The State of Vermont appeals from a summary judgment entered against it in the United States District Court for the District of Vermont (Billings, J.) in the amount of $24,427.26. The judgment is for vacation pay to which members of the Brotherhood of Maintenance of Way Employees became entitled while they were working for the St. Johnsbury and Lamoille County Railroad (St. Johnsbury Railroad). For reasons hereafter assigned, we vacate and remand.

At various times between 1967 and 1973, the St. Johnsbury Railroad, a small carrier in northern Vermont, employed twenty-eight Brotherhood members. In 1973 the Interstate Commerce Commission permitted the Railroad to abandon its service, providing that, concurrent with the abandonment, the Railroad be offered "for acquisition and/or operation" under a Commission Emergency Service Order to the Lamoille County Railroad, Inc. and the Vermont Transportation Authority. While the Lamoille County Railroad, Inc. was operating the railroad under the Emergency Service Order, the I.C.C. granted full abandonment authority to the St. Johnsbury Railroad.

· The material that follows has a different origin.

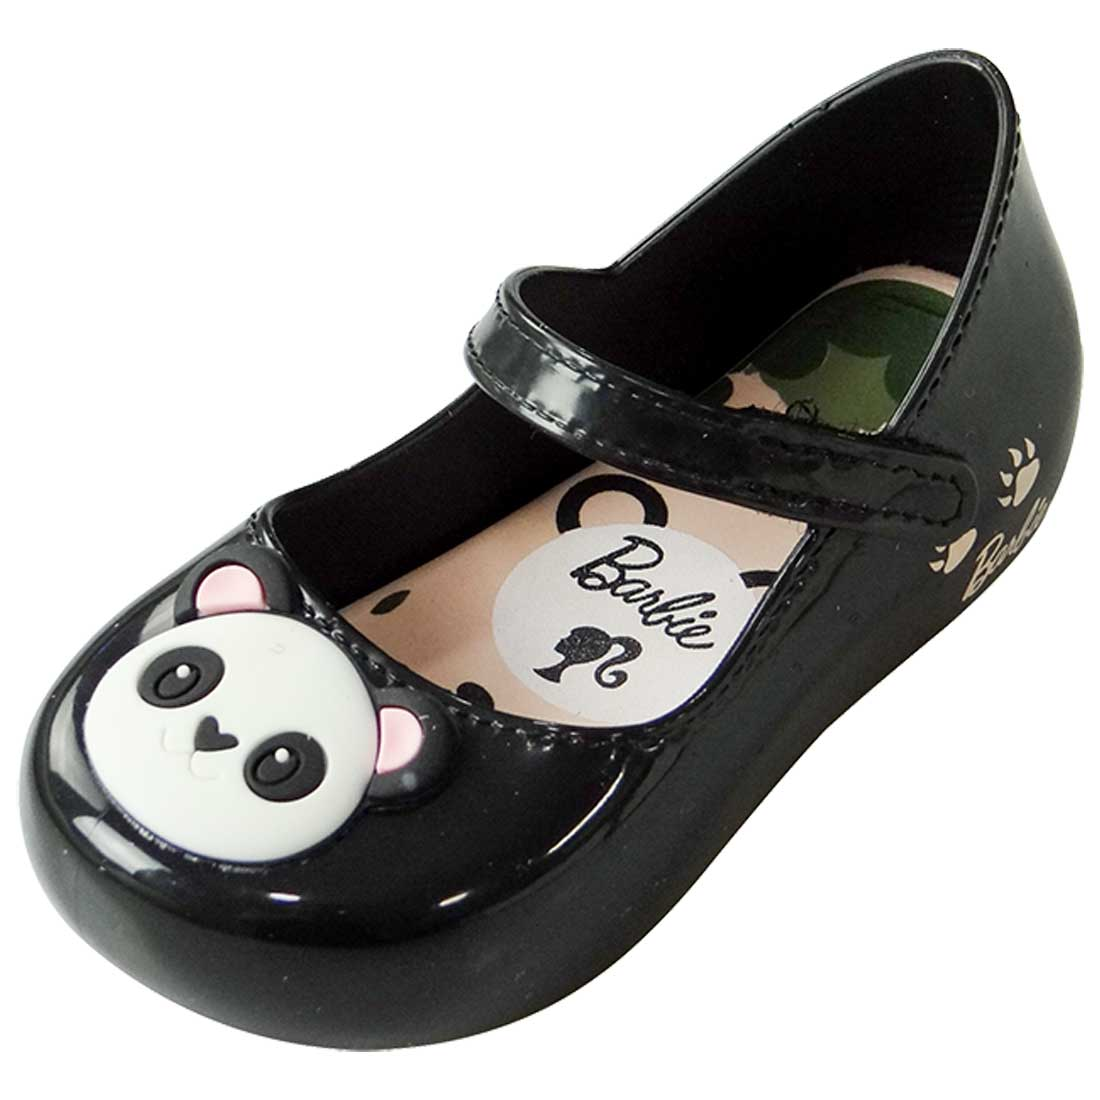 Sapatilha Boneca Barbie My Friends Panda - Preto

In April of 1974, the I.C.C. certified that public convenience and necessity required that the railroad to be acquired by the Transportation Authority be leased to the Lamoille County Railroad, Inc., (subsequently renamed the St. Johnsbury and Lamoille County Railway, Inc. and referred to herein as the St. Johnsbury Railway). 1 The St. Johnsbury Railway operated the road under lease from the State until September 1976. In 1975 the Brotherhood won a certification election authorizing it to represent the St. Johnsbury Railway's maintenance of way employees. The Brotherhood then demanded that the St. Johnsbury Railway pay its members vacation pay to which they became entitled while employed by the St. Johnsbury Railroad; and, when this demand was rejected, the matter was submitted to the National Railroad Adjustment Board.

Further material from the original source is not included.